The Random iPhone 4s Rant
March 1st, 2012All right, so I wasn’t the first person on this block (or any other block) to get an iPhone 4s. I felt no rush to upgrade, but finally decided that I might as well get one, inasmuch as my two-year contract with AT&T was up, I was enriched with a new ad deal, and they were bugging me with regular pitches to buy a new handset.
Since they are now supposedly available everywhere, more or less, I drove over to the nearby AT&T factory store, pleased to discover they had the one I wanted in stock, the 16GB version. It’s more than sufficient for my needs, since most of my stuff is in the cloud, and I’m only using a small part of the storage capacity. Please note that the closest Apple Store is another mile or so away, and a Best Buy, a Wal-Mart and a Sam’s Club are another few miles distant. It’s not as if I wouldn’t have choices if AT&T’s stocks were dry.
I won’t make much of a deal over the fact that the AT&T rep tried to mislead me about Apple’s terms and conditions for buying AppleCare coverage in an iPhone. According to AT&T, you have to buy it when purchasing the handset, or you are stuck with AT&T’s own insurance plan. Not true, as many of you know. You actually have 30 days, but you have to go to an Apple Store to have them confirm you haven’t destroyed the phone first.

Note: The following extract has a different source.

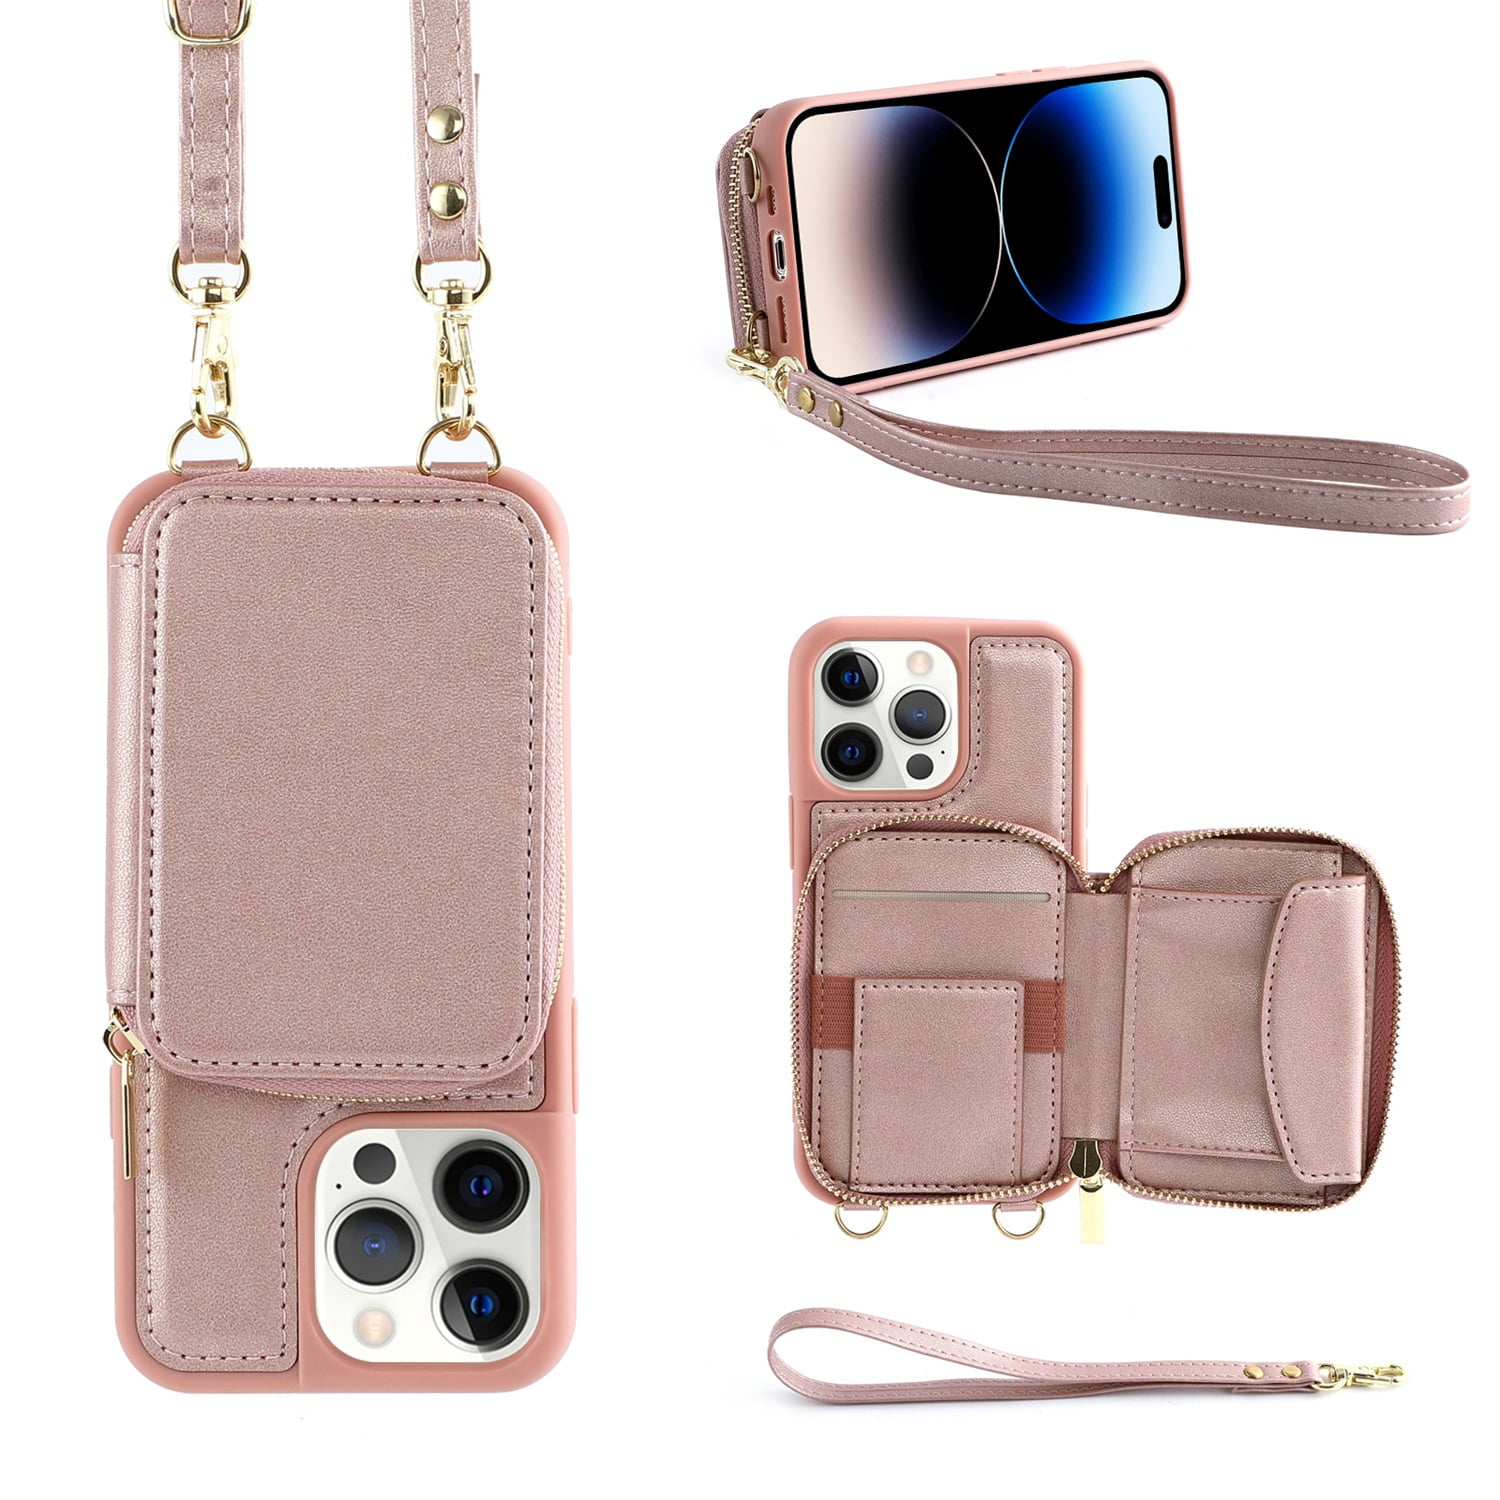 LUVI for iPhone 12 Pro Max Wallet Case with Crossbody Strap Lanyard Neck  Strap Credit Card

Regardless, setting up the iPhone was mostly all right; that is, until I decided to install a custom ringtone, from a new iTunes collection featuring The Beatles. The one I choose, “Hello Goodbye” from the “Magical Mystery Tour” album, seemed most appropriate. As part of the download, I tapped the option to make this 30 second snippet the default ringtone. It even worked — for two days flat!

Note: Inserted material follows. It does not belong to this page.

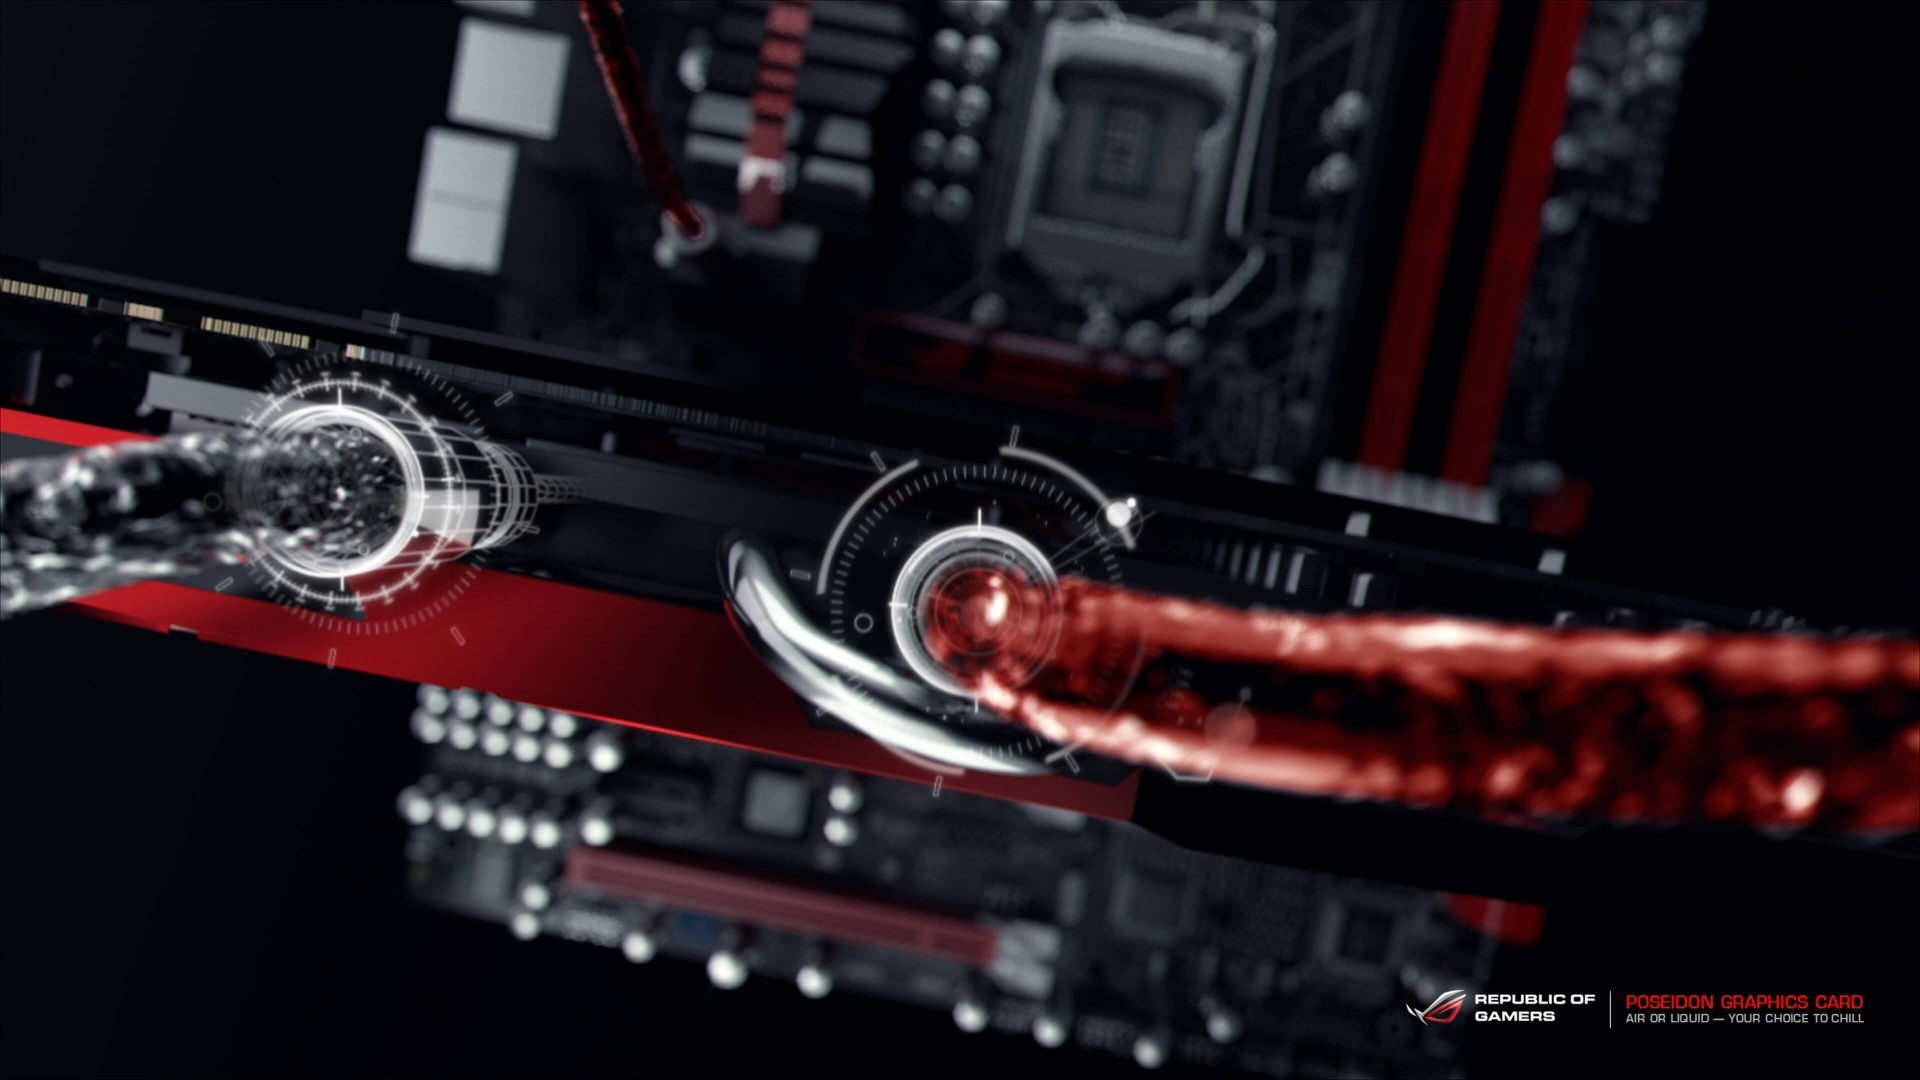 General 1920x1080 ASUS liquid cooling fan technology PC gaming water cooling Republic of Gamers hardware computer

On the third day, the ringtone disappeared from my iPhone. It was nowhere to be found, and thus began a three day odyssey with Apple’s support to solve the case of the missing ringtone. Now before I contacted Apple, I restored the phone, using my most recent backup for settings, a mistake I later lived to regret.
Finally, with Apple connected to my desktop iMac by remote access, we tried everything in order to induce the file to appear. It didn’t, so I did another restore, this time setting up the iPhone as a new device. The process involved revisiting the brief setup questionnaire on the iPhone, and redoing all of my customizations. When all was said and done, the contacts were synced via iCloud per my settings. I manually added my email accounts, wondering why iTunes never puts them in the same order as they appear in Mail. You cannot reorder them either; the only option would be to remove them from the iPhone and manually add your accounts in the order in which you’d like to see them appear.
Now my iTunes issues weren’t restricted to the iPhone. I ran into a problem downloading one of the 17 songs on the iTunes remastered version of “The Best of Pink Floyd: A Foot in the Door.” Song number three, “The Happiest Days of Our Lives,” kept coming up corrupted. Apple support is looking into the problem, since the download hiccup was repeated on both the iPhone and an iPad 2.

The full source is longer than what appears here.